Claus died on May 21, 1982. Goodman probated Claus's estate, including the preparation of the estate's federal and state tax returns. Goodman filed the returns on February 3, 1983. Emma Dudden, Claus's widow, signed the returns in her capacity as the then-current executor. Goodman continued to perform legal services for Emma personally, including the drafting of a will and creation of a trust.
Emma and Marcia Dudden, the wife of Emma's nephew, Roger, visited an accountant in early 1990 concerning Emma's 1989 income tax return. Because of the questions asked by the accountant, Marcia became concerned about the taxes paid by Claus's estate. She urged Emma to seek another legal opinion.
Emma visited a trust officer at the National Bank of Waterloo in the late summer of 1992 concerning the estate's federal and state taxes. The trust officer recommended the matter be reviewed by an outside attorney, Kevin McCrindle. By a letter dated October 19, 1992, McCrindle indicated to Emma that Goodman had caused the estate to pay excess federal estate taxes and Iowa inheritance taxes by failing to take the marital deduction.
Claus's estate was reopened on August 3, 1993. Roger and Marcia Dudden were appointed [543 NW2d Page 626]
as co-executors. On September 3, 1993, Roger and Marcia filed this legal malpractice action against Goodman.

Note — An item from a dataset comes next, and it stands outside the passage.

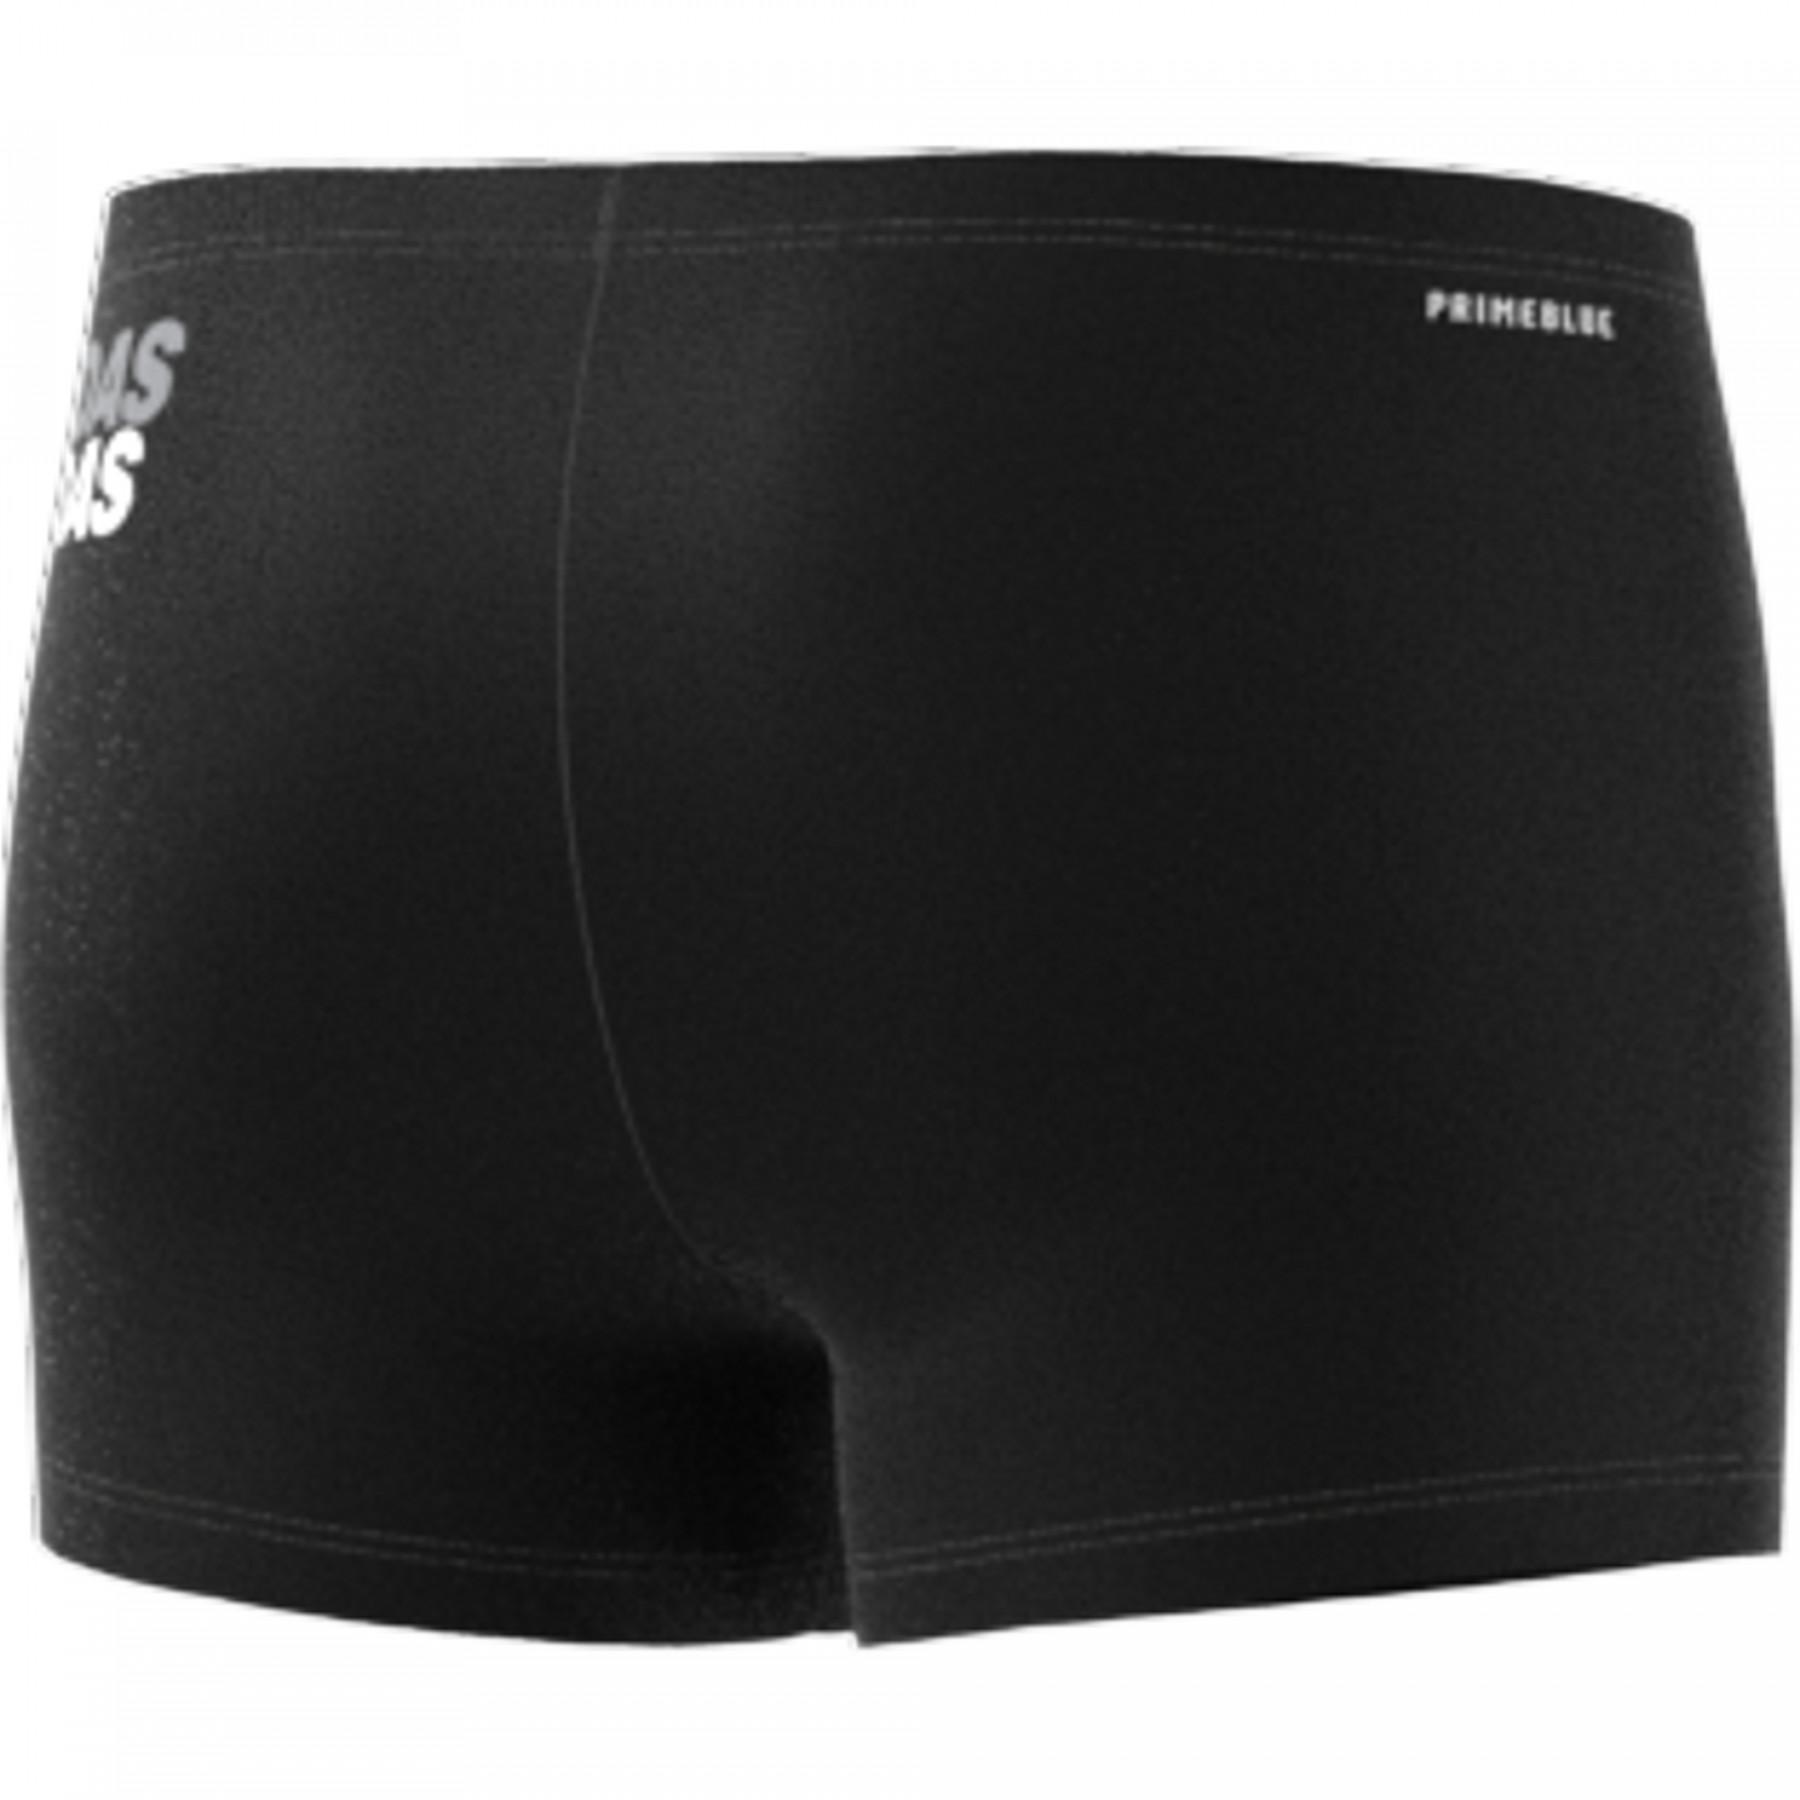 Swimming boxer shorts adidas Lineage

Goodman filed a motion for summary judgment, claiming the action was filed after the expiration of the five-year statute of limitations. Plaintiffs resisted the motion, claiming application of the discovery rule tolled the statute and brought their action within the limitations period. The district court agreed with plaintiffs and overruled Goodman's motion for summary judgment. This case comes to us on interlocutory appeal.
I
Summary judgment is appropriate "if the pleadings, depositions, answers to interrogatories, and admissions on file, together with the affidavits, if any, show that there is no genuine issue of material fact and that the moving party is entitled to a judgment as a matter of law." Iowa R. Civ. P. 237(c); see Farm Bureau Mut. Ins. Co. v. Milne, 424 N.W.2d 422, 423 (Iowa 1988). The moving party has the burden to show the nonexistence of a material fact. Milne, 424 N.W.2d at 423. The evidence must be viewed in the light most favorable to the resisting party. Thorp Credit, Inc. v. Gott, 387 N.W.2d 342, 343 (Iowa 1986). The procedure is functionally akin to a directed verdict, and every legitimate inference that reasonably can be deduced from the evidence should be afforded the resisting party. Sherwood v. Nissen, 179 N.W.2d 336, 339 (Iowa 1970). If the motion is properly supported, however, the resisting party "must set forth specific facts showing that there is a genuine issue for trial." Iowa R. Civ. P. 237(e).
II
Goodman contends the statute of limitations began to run when the taxes were paid in 1983. In putting forth this argument, Goodman relies heavily upon the product liability case of Franzen v. Deere & Co., 377 N.W.2d 660 (Iowa 1985). In Franzen, our supreme court stated it is the knowledge of the underlying facts which begins the statute of limitations. Franzen v. Deere & Co., 377 N.W.2d 660, 662 (Iowa 1985). The person does not need to know the facts are actionable in order for the statute of limitations to begin.